Fernando Vallejo siempre tratará de herir con sus palabras (y sin duda alguna lo consigue; como provocador es formidable y temible), pero también logra el efecto contrario y eso solo pueden hacerlo los grandes. Se me ocurre una referencia kafkiana que ni al escritor más ilustrado: Gregor Samsa es agredido por su familia y para huir se gira, como la cucaracha que es, lo más rápidamente que puede; es decir, con extraordinaria lentitud. La cucaracha de Kafka está hecha para llorar, pero Fernando Marías afirma que este momento es uno de los más hilarantes de la literatura universal. Algo semejante sucede con Vallejo en El don de la vida: escribe lo más terrible y lo más doloroso usando la frágil voz de un anciano eternamente descontento, que rezonga contra todo y todos, que blande el bastón y refunfuña contra el hecho de estar vivo, contra su madre, contra las mujeres que paren niños y contra los hombres que conciben embriones. Y, sin embargo, una se descubre a sí misma con una sonrisa estilo Mona Lisa colocada en los labios de forma permanente a lo largo de todas las páginas del libro. ¿Cómo es posible reír con El don de la vida? ¿Cómo es posible reír ante las terribles circunstancias del pobre Samsa? Ni más ni menos que porque el discurso está concebido así, para lograr ese efecto imposible y magistral.
Ese viejecito, sentado en un banco durante toda la novela, despotricando contra la vida y solicitando una muerte que nunca llega, dibuja con sus protestas algunos de los pasajes más bellos y, a la vez, más despiadados, sarcásticos y divertidos que se hayan escrito.
El universo de Fernando Vallejo se odia o se ama (generalmente se odia), no hay medias tintas. ¿Cómo podría haberlas cuando se toman al dolor extremo y a la muerte de la mano y se bromea con ellos sin por ello caer, a pesar del terreno tan resbaladizo que se pisa, en ninguna forma de frivolización?
Hará un mes o así que, en el Facebook de Ricardo Menéndez Salmón, alguien ponía de vuelta y media a la obra de Vallejo, decía que estaba llena de lugares comunes. Ricardo lo rebatió como hace él, que por algo es filósofo, ubicando El don de la vida entre corrientes de pensamiento y ofreciendo teorías ontológicas sobre el posicionamiento de Vallejo ante la vida y la muerte. Recuerdo que dijo, también, que las páginas de este libro, una verdadera apología de la no-vida, estaban colmadas de vida. Me quedo con eso, yo no lo hubiera expresado mejor. Acabáramos, diría Juan Aparicio Belmonte, también en Facebook.

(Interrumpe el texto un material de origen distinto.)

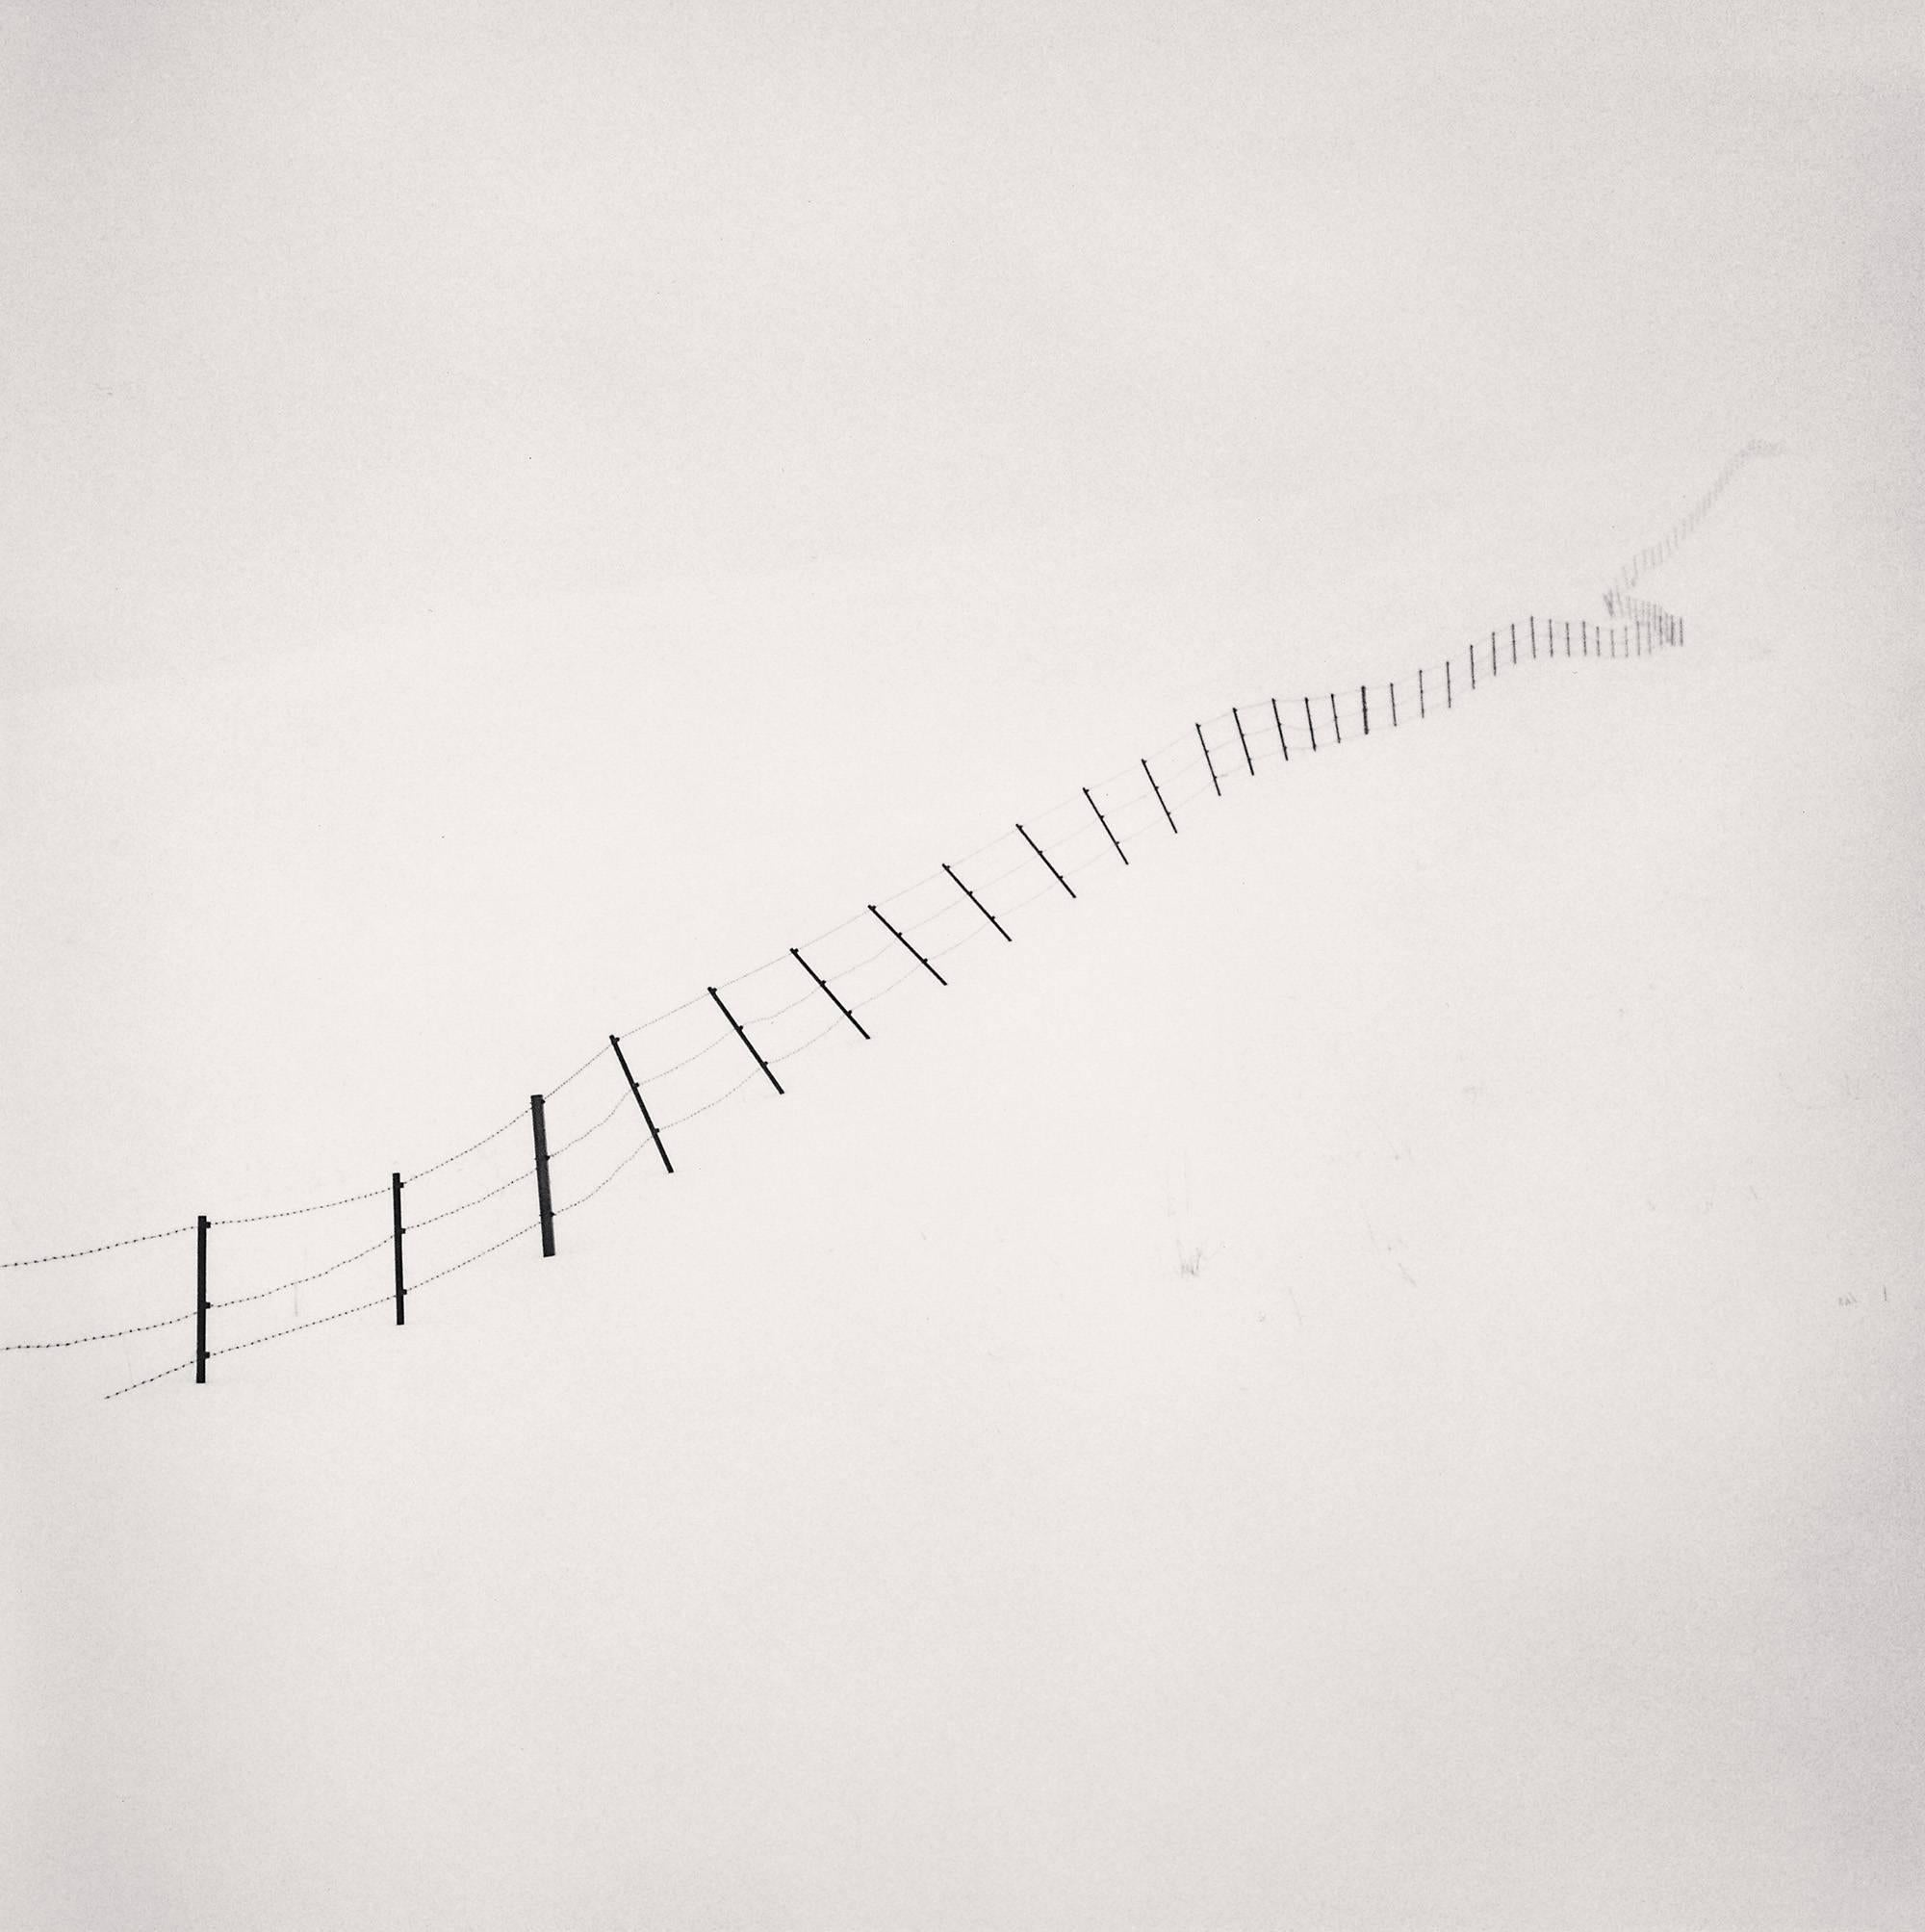 Hillside Fence, Study 4, Teshikaga, Hokkaido, Japan. 2002
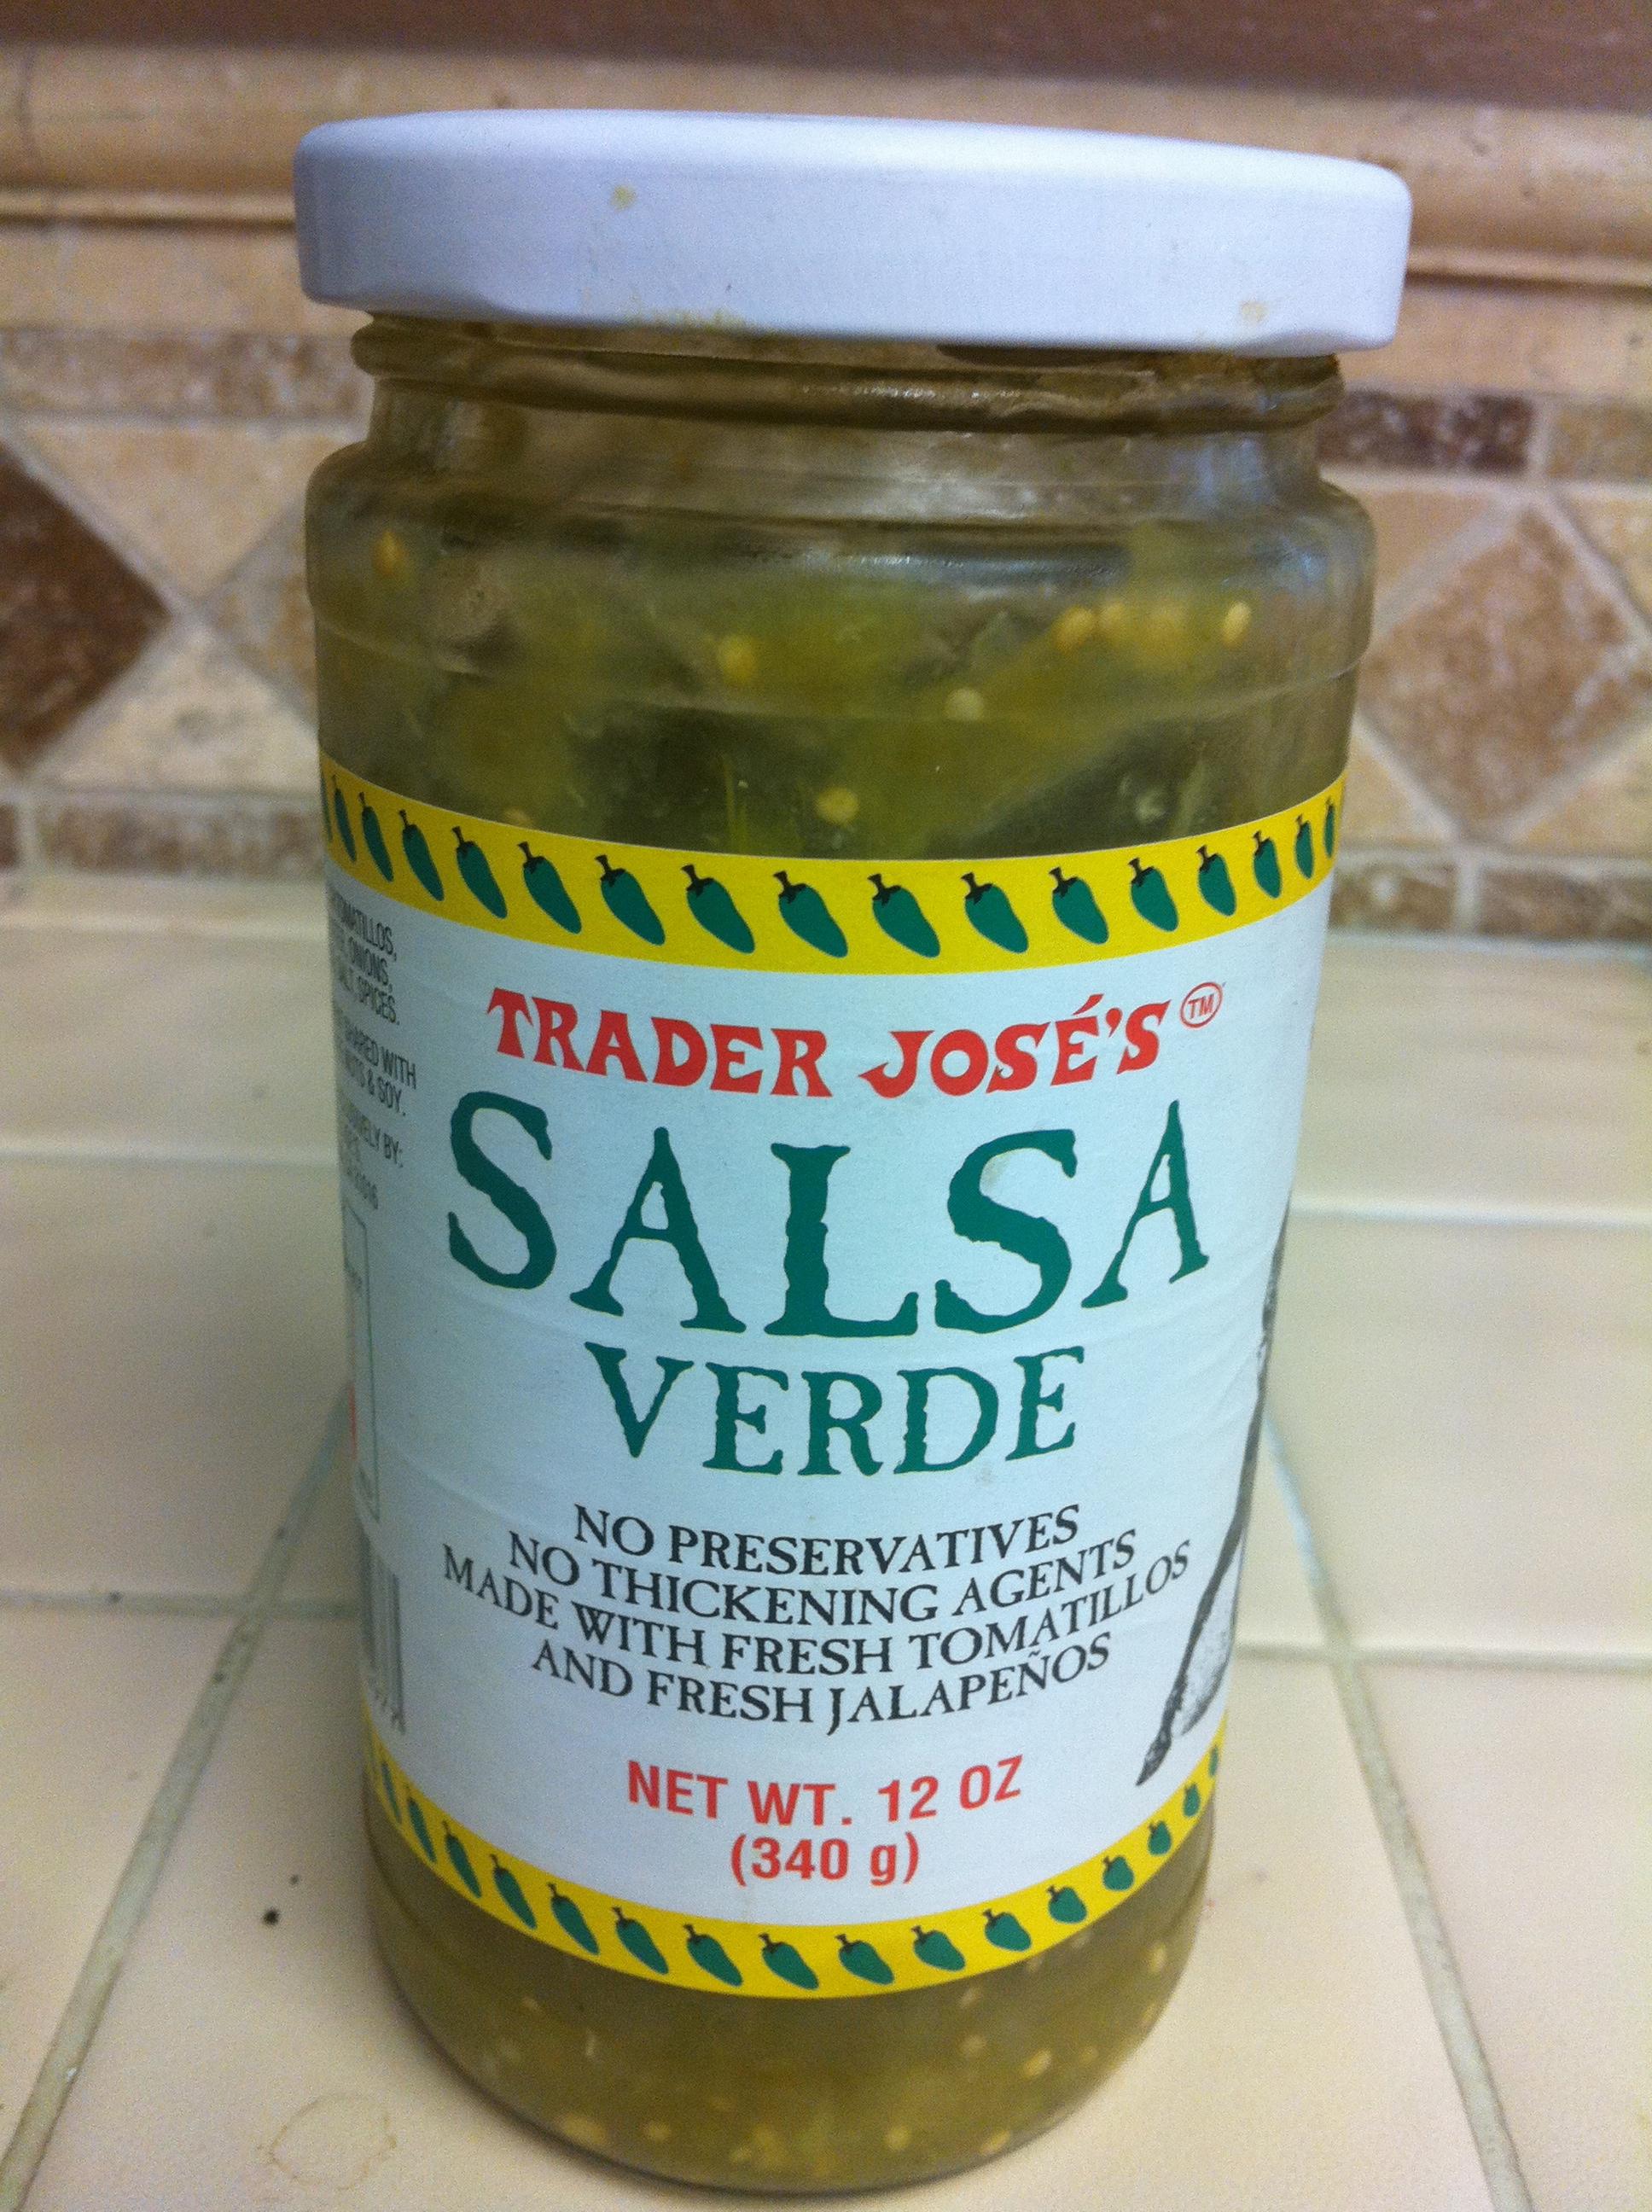 Trader jose 39 s salsa verde for Trader joe s fish oil

Aunque yo no sería capaz de expresarlo tan bien, sí me gustaría añadir algo: el lugar más común del mundo, precisamente, es el contrario, el de la celebración de la vida. Y, finalmente, sale Vargas Llosa: «Vale la pena vivir, aunque solo sea porque sin la vida no podríamos leer ni fantasear historias». Aquí, el flamante premio Nobel expresa lo que casi todo el mundo piensa. Ese es el verdadero lugar común; afortunadamente.